Fulfilling the Promise:

Challenges to Vocational Education

The promise of vocational education faces many obstacles and challenges before it can be fully realized. As a first step, the commission has identified and examined existing problem areas. Although they sometimes overlap, we present these problems in the following categories:

Perceptions of vocational education




Teacher education and recruitment

Standards and accountability



Business, labor, and community involvement

Field-based learning, including cooperative education

Some of these problems and challenges are specific to vocational education, and some are faced by secondary education as a whole. All need to be addressed.

Perceptions of Vocational Education

The most common perception of vocational education is that it prepares youth for low-status jobs. This perception is rooted in the ancient concept of mind-body dualism.

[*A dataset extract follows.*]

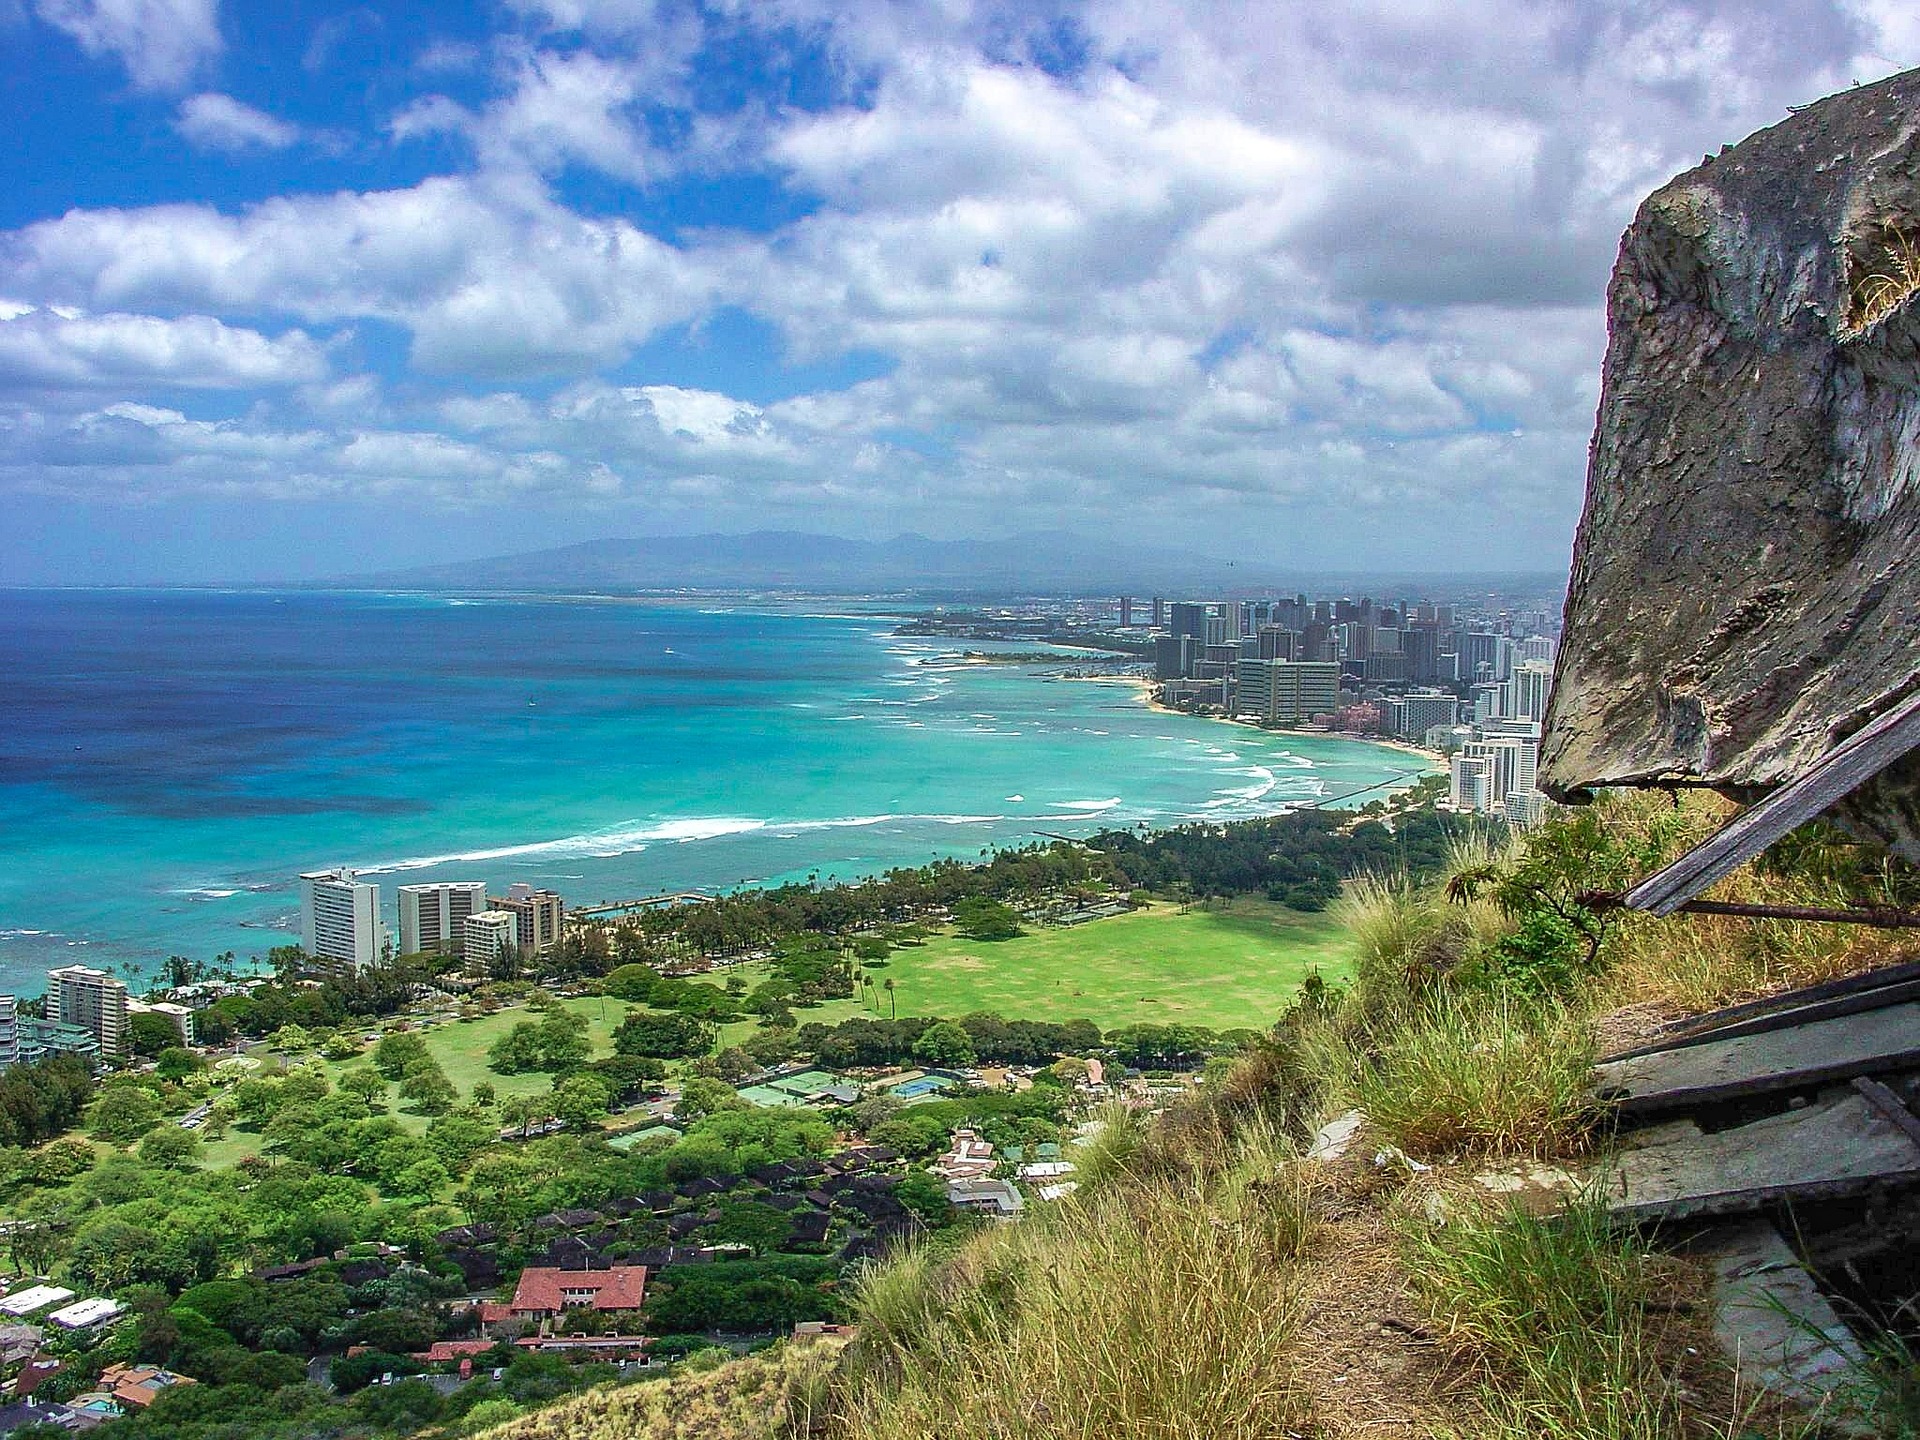 Perles du Pacifique en croisière - D'Hawaï à l'Australie & séjour de 4 nuits à Honolulu sur l'Île d'Oahu (Hawaï, Polynésie Française, Nouvelle-Zélande et Australie)

"Head" occupations generally require a four-year college or professional degree. They have high status. Thus, courses and curricula that lead toward college also have high status and are valued by parents and students.

"Hand" occupations are frequently blue-collar, don't require a college or professional degree, and have low status. Thus, high-school courses that lead toward these occupations are viewed as second class or peripheral within the high-school curriculum.

The perception is that vocational education typically prepares youth, especially males, for blue-collar "hand" occupations. Because most middle-class parents devalue any high-school program that is not a prerequisite for admission to four-year colleges or universities, they devalue vocational education. Consequently, school officials often view and use some vocational programs as a "dumping ground" for less able students.

According to the most recent (1984) "Gallup Poll of the Public's Attitude Toward the Public Schools," the majority of people believe that vocational-education courses (outranked only by mathematics and English) should be required for students not planning to go to college. Eighty-three percent of those polled felt vocational courses should be required--a dramatic increase from the 64-percent response in 1981. Further, 37 percent of the Gallup Poll respondents (up from 33 percent in 1981) felt that vocational education should be required for students planning to attend college. Clearly, this confirms a growing public sentiment for the importance of vocational experiences, especially for those not planning to attend college.

Educational reformers have long called for vocational and academic teachers to collaborate in developing a balanced curriculum--one in which such studies as English, science, mathematics, graphic arts, and electronics would collectively enlarge understanding of the workplace and, in turn, correct some of the traditional perceptions and stereotypes described here. The commission believes that both general and vocational education leaders must undertake to integrate their curricula and demonstrate the co-equal importance of academic and vocational learning. In doing this, we will be more responsive to the unique needs of all students in our nation's secondary schools.